There are a lot of mysterious components within any guitar amp, many of which remain puzzling even to hobbyists who have built a DIY project or two. In the seventh part of Mojotone’s series What Does This Thing Do? we’re examining output transformers and their impact on any guitar amplifier’s sound.
Most tube-amp enthusiasts who at least know their way around the major components will recognize an output transformer (OT), and many might have a basic understanding of the role it plays at the end of the signal chain. Few, however, are likely to have thought through the significance of this chunk of iron, wire and paper in shaping your amp’s overall voice.
In most guitar amplifiers the OT will be the second-largest transformer hanging from the underside of the chassis.
Many amps—a traditional tweed Deluxe, for example—will only have two transformers, making the OT the smaller of the two. In others that carry a choke and/or a reverb transformer, the OT will be next down in size from the power (aka mains) transformer. In many amps (though not all), the OT will be mounted close to the output tubes and output jacks; it functions right between these two links in the chain and it makes sense to keep their connections relatively short.
In simple terms, the OT converts the output tube or tubes’ high-voltage, low-current output signal to a low-voltage, high-current signal, which also makes the tubes’ high-impedance output into a low-impedance signal that can drive a speaker. In short, this is where your guitar signal becomes wattage, and wattage of the sort that can become sound in air through a traditional speaker. The OT’s input, known as the primary, will be designed to receive a signal in the general range of 2,000 to 10,000 ohms—depending on the number and type of output tubes it is designed to work with—and will convert that to a signal of a certain strength (again, depending on the tubes and the OT’s own maximum wattage capabilities) that’s also in the very low 2-ohm to 16-ohm range, as desired to suit the amp’s speaker complement.
All of this might pretty matter of fact, a mere mathematical process—and it is, in one sense.
After all, this is the “transforming” that an output transformer does. As with almost everything else inside a tube amp, though, the way different makes and designs of OTs perform this transformation can have a major impact on any amp’s overall sound.
In very general terms, and in most cases, the size of an OT correlates fairly directly with its wattage-generating potential and therefore the volume it helps to produce, in conjunction with a set of output tubes with which it was designed to work. The rule of thumb is “more iron = more volume and better low-end reproduction,” but clever designers can use that equation to tweak their results in either direction. If a large, weighty OT might be able to help a pair of 6L6 output tubes reach their maximum potential of about 50 watts (in push-pull, class A/B), that might be something a designer will take advantage of in a large amp intended for big-stage use, but the same might work against an effort to produce the best-sounding mid-sized amp, or one with smaller speakers that can’t take the power or the bass content.
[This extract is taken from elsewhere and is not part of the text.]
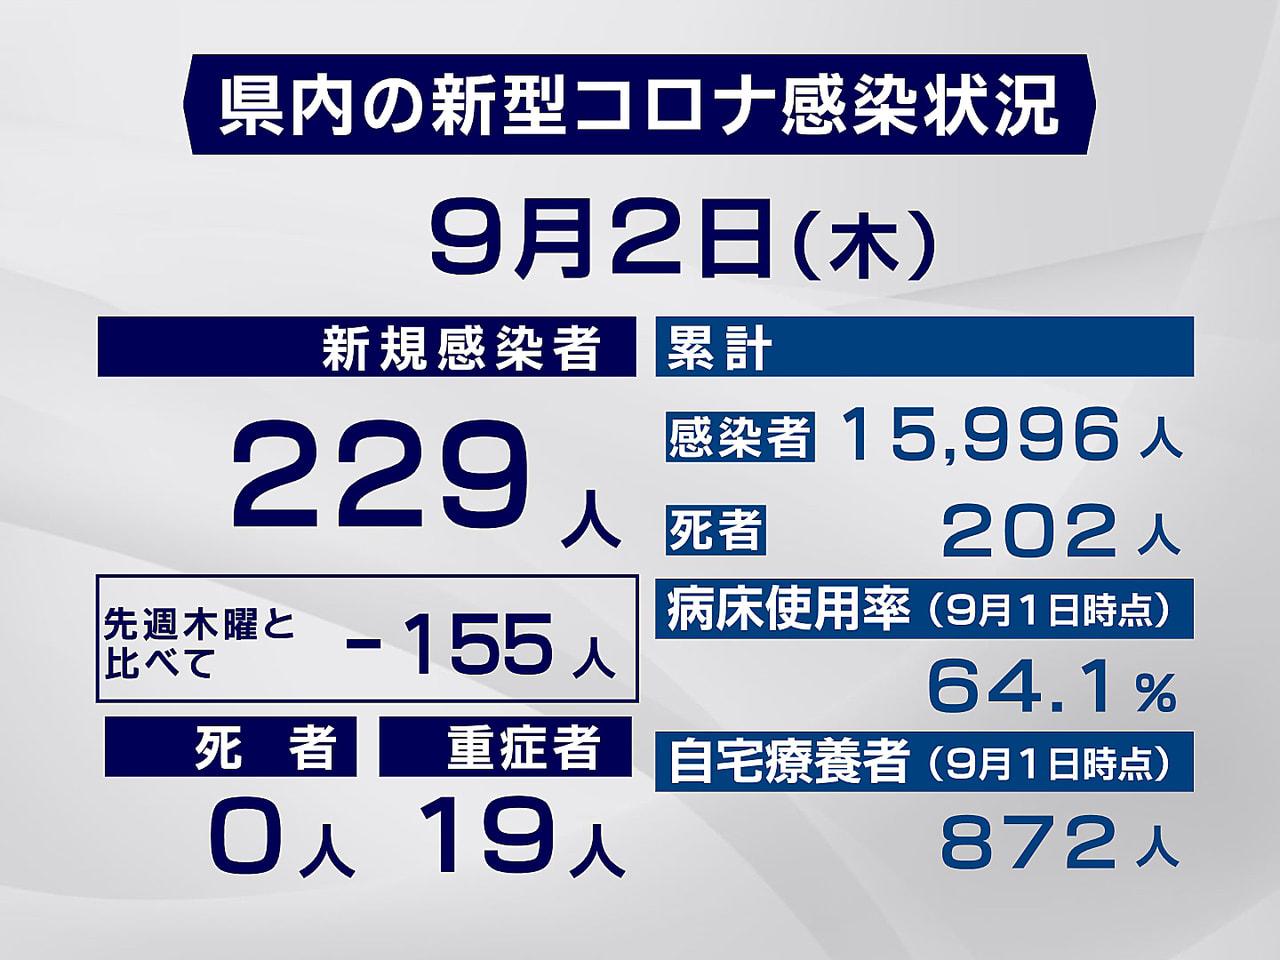 岐阜県と岐阜市は2日、新型コロナウイルスの感染者が新たに229人確認されたと発表...

Fender, for example, did exactly this in selecting its OTs for several classic models: the black-panel Super Reverb, Tremolux, and Vibrolux Reverb of the mid ’60s all used a pair of 6L6s in the output stage, but these were configured with a larger OT in the Super Reverb to generate 45 watts through a 4x10" speaker cab, and a relatively smaller OT in the latter two to generate around 30 to 35 watts through a smaller 2x10" speaker complement. Why produce all that power and low-end rumble if the speakers can’t handle it and the end user doesn’t need it? Leo Fender and his team clearly saw they could make the OT selection work to the design’s favor in either direction, and they used that potential wisely.
So if size does matter in OT selection, that’s not to say that bigger is always better. A big, heavy OT will roar with a lot of volume and, eventually, thick, meaty overdrive when you get a large amp cranked up to where it can deliver the goods. But if you’re hoping to achieve amp-based overdrive at relatively lower volumes—even from the same types of tubes—you might want a smaller OT that will saturate more quickly, at a volume level where the heftier OT remains sharp and clean. (Obviously, the reverse of this applies if you’re sound requires maximum headroom at loud volumes.)
In addition to these considerations regarding OT selection, it’s worth noting that—all else being equal—larger OTs generally cost more than smaller, so this might be a factor in the parts chosen by more economical manufacturers. If the OT in a lower-budget or bargain-basement tube amp with a pair of 6L6s or EL34s in the output stage appears to be significantly smaller than that in a more expensive hand-wired make carrying the same tubes, chances are it was selected partly out of cost… and even if they both advertise putting out “50 watts,” you can probably guess which one will be louder.
Note that output transformers are designed to work with specific output tubes, so you should check the manufacturer’s specs carefully when selecting and OT for a new amp build or a replacement for an existing amp. Most guitar-amp transformer manufacturers and suppliers will understand the points discussed above, and many can be great resources when you’re looking for a part to help dial in the overall sound of your amp. In any case, arming yourself with a little more knowledge of what an output transformer does and how it’s composition will affect your sound can certainly help you achieve your sonic ends more successfully, and adds a potentially powerful new dimension to your tone quest.